The bridge is just an "I" beam with the web replaced by diagonal members. I know many will argue it is more complicated but the structural arrangement will make the bridge substantially behaving like an "I" beam. Individual member may have extra bending moments, shear and deflections which can be considered secondary in the failure mechanism assessment. FEM analysis can reveal how much areas of the top and bottom flanges effective in acting as top and bottom chords. The photos of the first north bay now shows No.11 and 12 detached cleanly from the deck. One video recording show bulging out of the end member near the deck level. There is strong evidence to support No.11 did not remain static and its angle with No. 10 was opening up. That is the point of no return and a vicious circle because more load is passed onto No.11 forcing it to move out even more. Once No. 11 fails its duty to act as the web the bridge at the north support has to rely on just the walkway deck (or bottom flange of the I beam) for support because the web and the canopy (top flange) no long participate to resist the load. In the original design with No. 11 intact the top flange is in pure compression while the bottom flange in pure tension. When only the deck carried the load at the north end the flat deck will experience compression at the top face and tension at the bottom face, a condition it is never designed to withstand. Therefore once the No.11 moves away or unable to be restrained the bridge must fall. There is no ductility in this failure mechanism if the I beam changed into a flat plate at the north abutment.
 
saikee119 said:
When only the deck carried the load at the north end the flat deck will experience compression at the top face and tension at the bottom face, a condition it is never designed to withstand

I guess In hindsight, it should have been able to withstand that scenario to meet the redundancy requirement of the RFP.
 
XR250 said:
I guess In hindsight, it should have been able to withstand that scenario to meet the redundancy requirement of the RFP.
That would be an impractical requirement to specified.

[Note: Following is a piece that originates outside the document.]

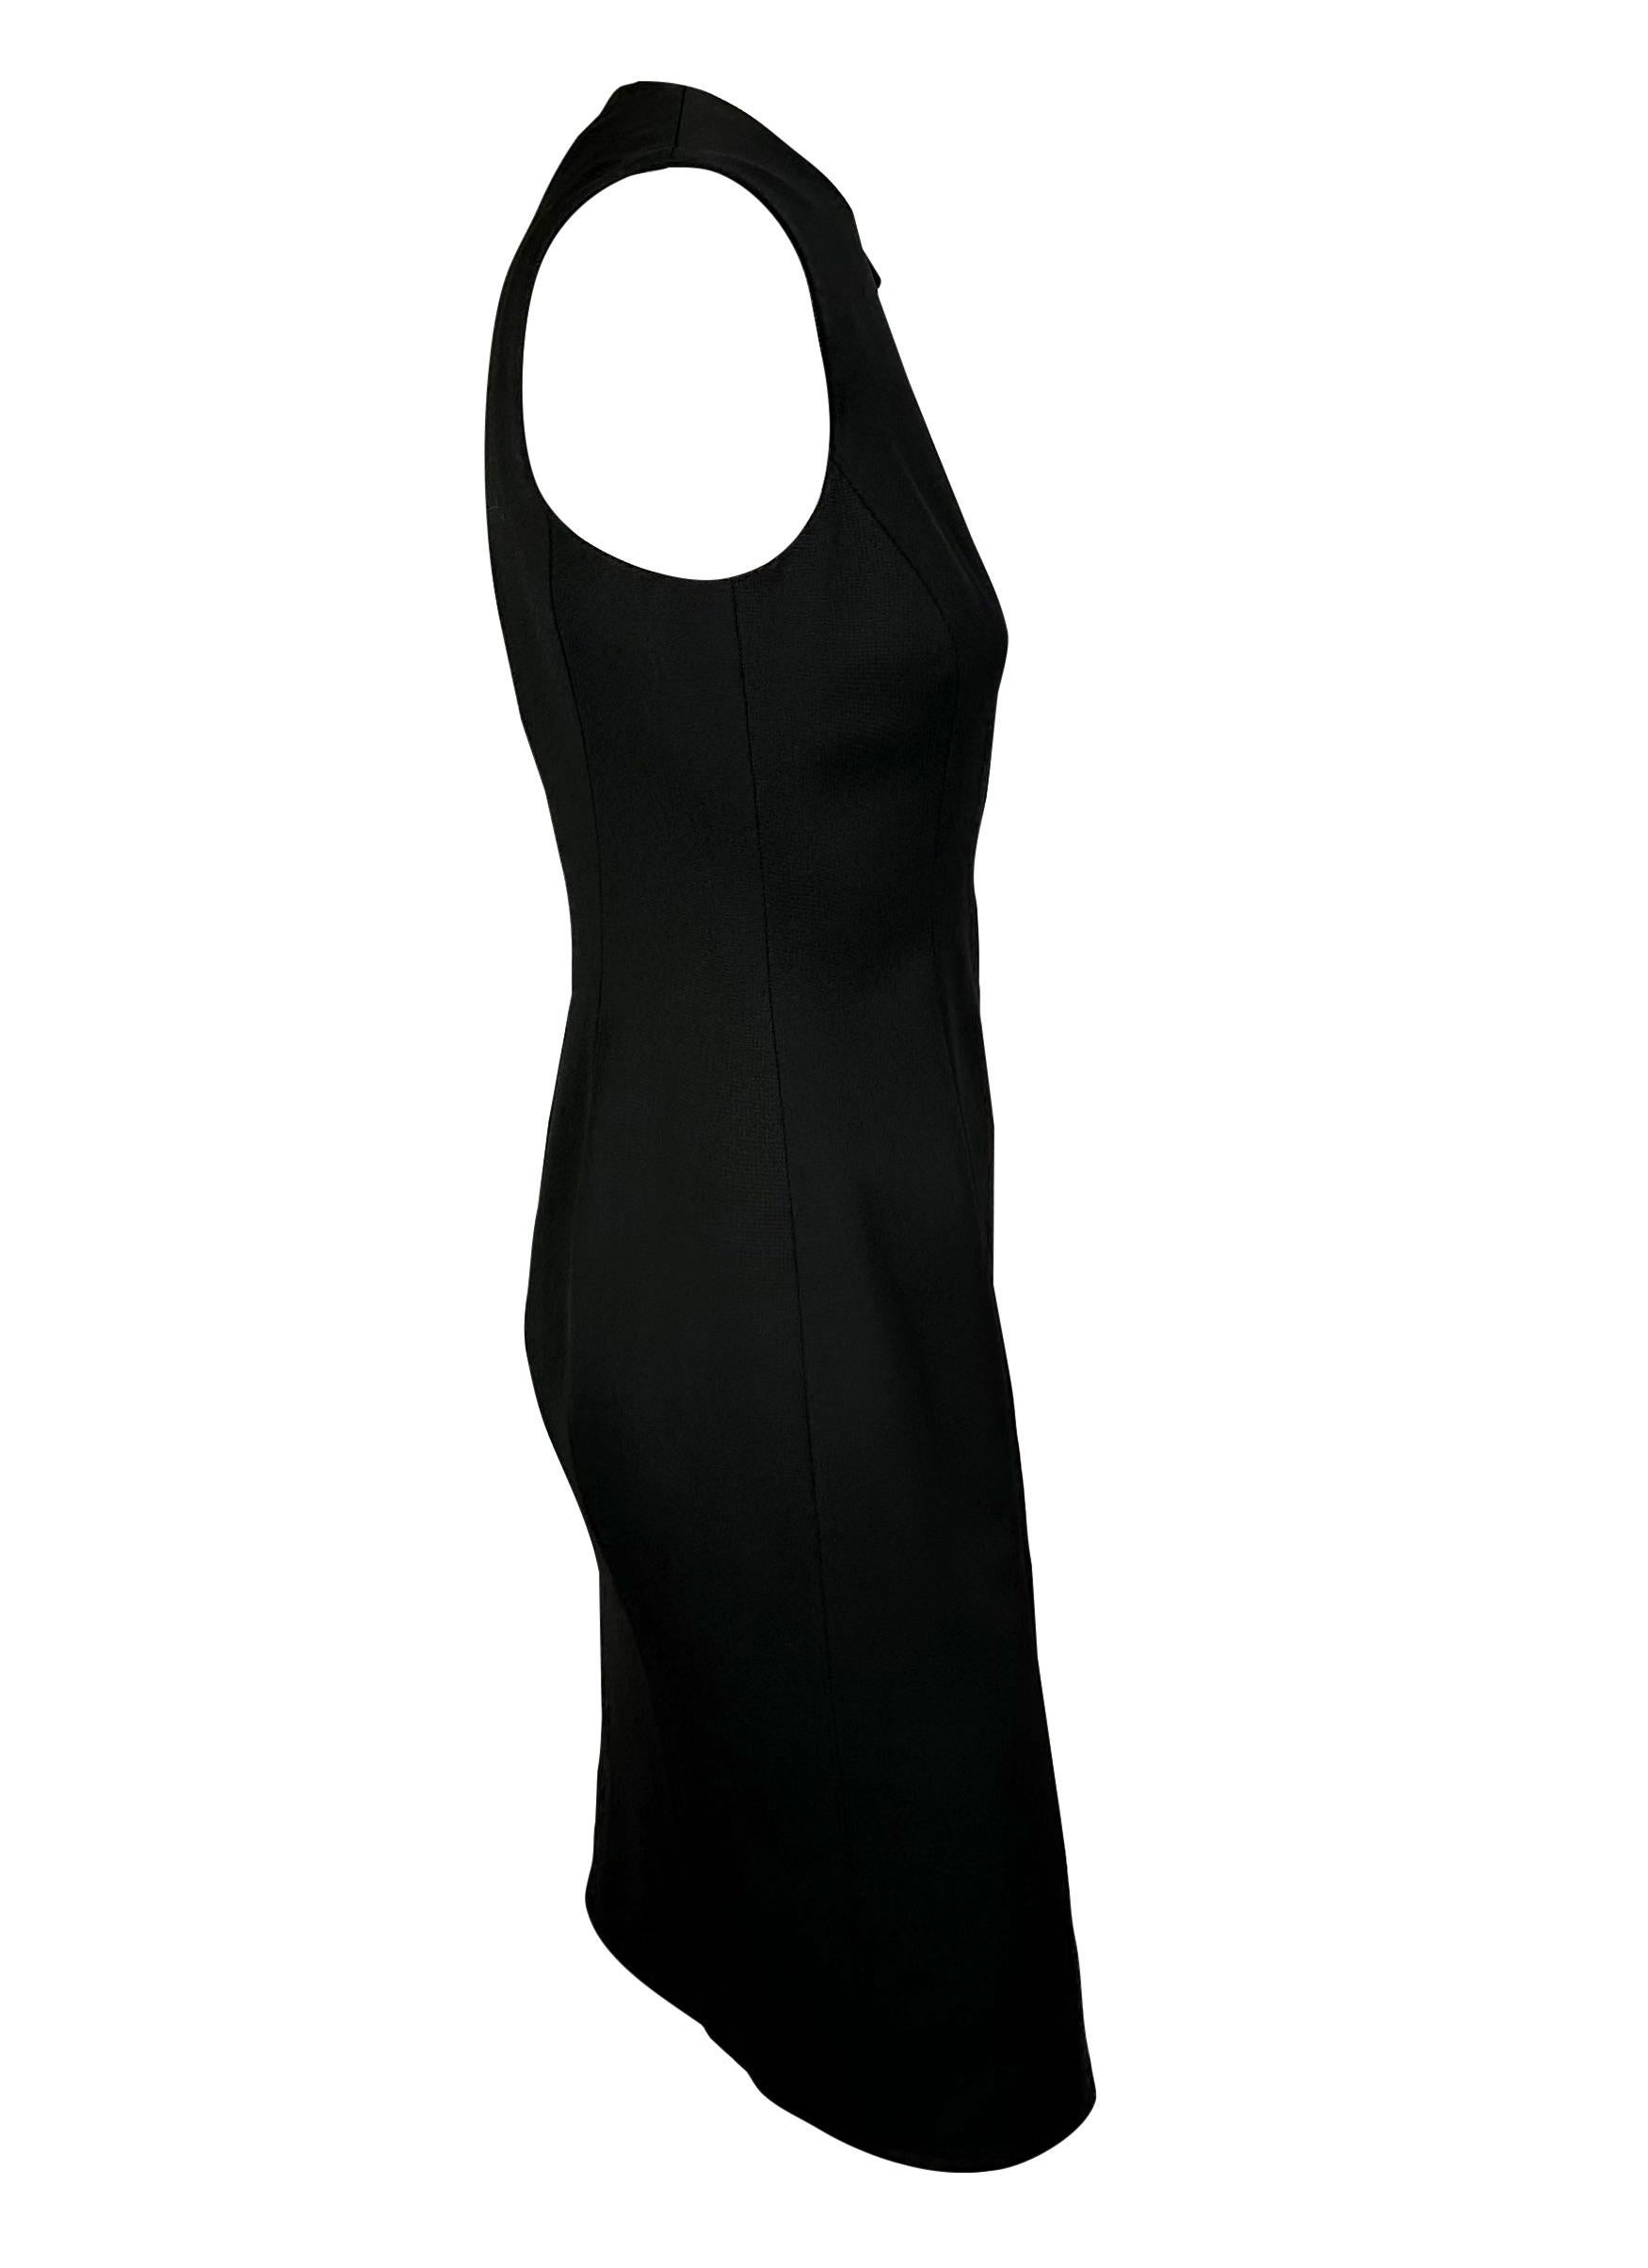 Présentation d'une robe tunique en laine noire Versace, créée par Donatella Versace. Dans la collection automne/hiver 2004, Donatella a réimaginé les boucles utilisées par son frère dans sa collection automne/hiver 1992, en ajoutant des boucles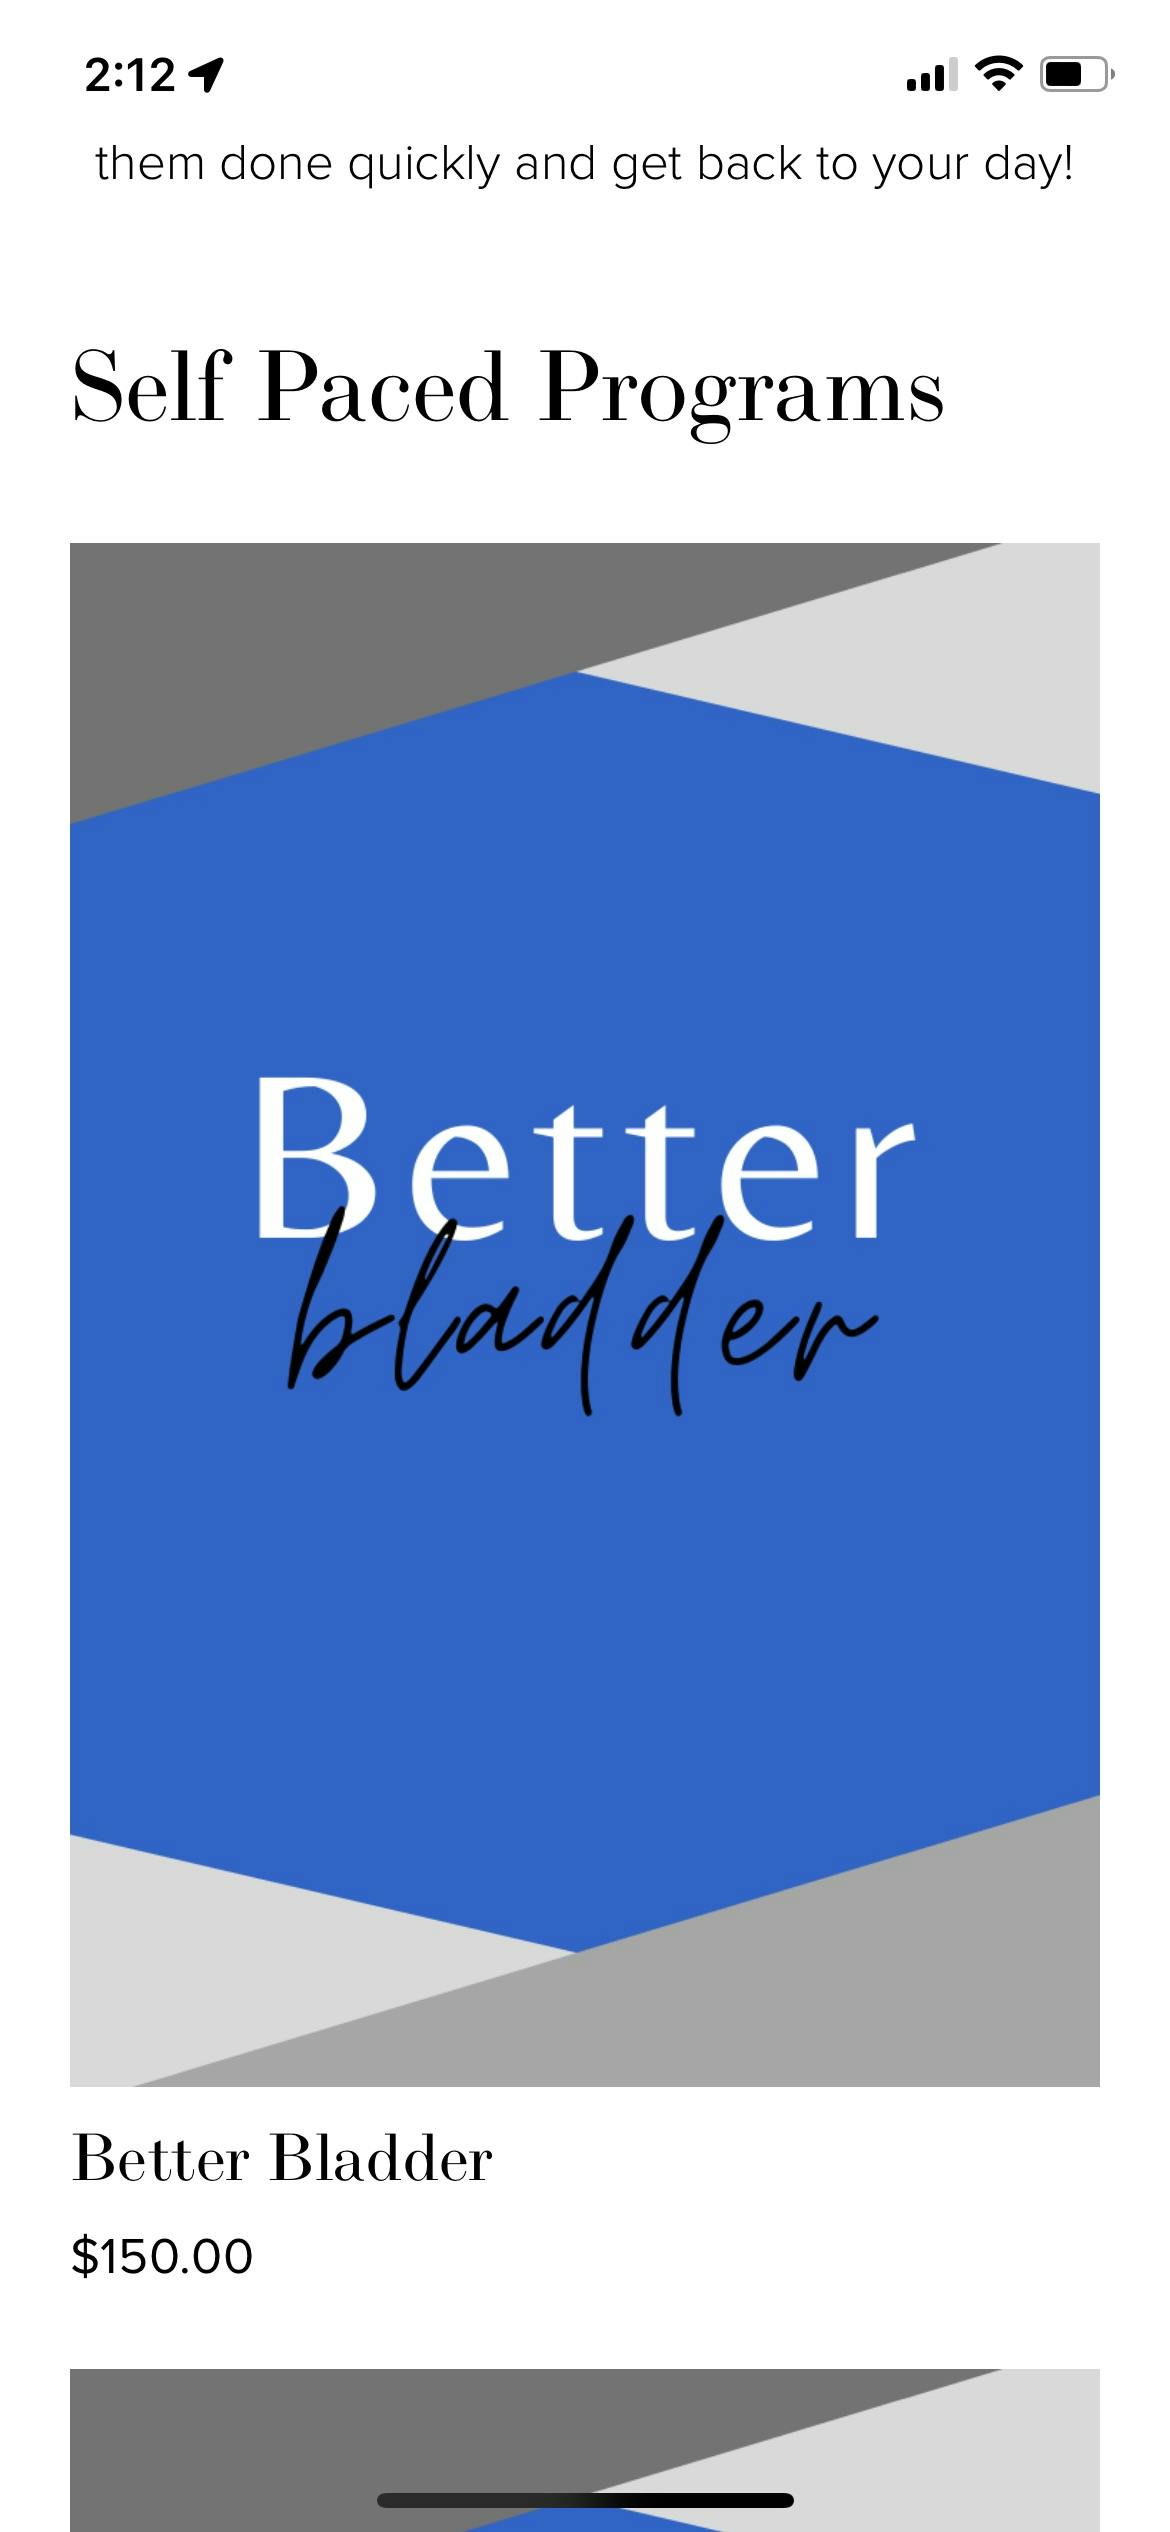 Better Bladder

The current design as an "I" beam is 18' tall with top flange separated from the bottom flange by the central truss.

In the first north bay if the truss member No.11 fails it duty the structural member left to resist the load is the walkway deck maximum 2'-1" thick at the middle tapering to 9-1/2" at the two extremities. Such demand is beyond the scope of concrete over the 175' span. Remember the lever arm, defined between the centers of the resisting tension and compression area, must drop from about 9' to 1' against the same disturbing moment at the failure point.

MCM/Figg design does deserve credit had collapse not happened and had the steel pipe stays installed the 10 hangers will provide some usable structural redundancies.
 
My summary of the issues and actions so far, mainly so I can get my head around and hopefully to help anyone joining the discussion just now. However a good perusal of the parts I, II and III is highly recommended to avoid raising the same point which has already been addressed and responded to, sometimes in great detail.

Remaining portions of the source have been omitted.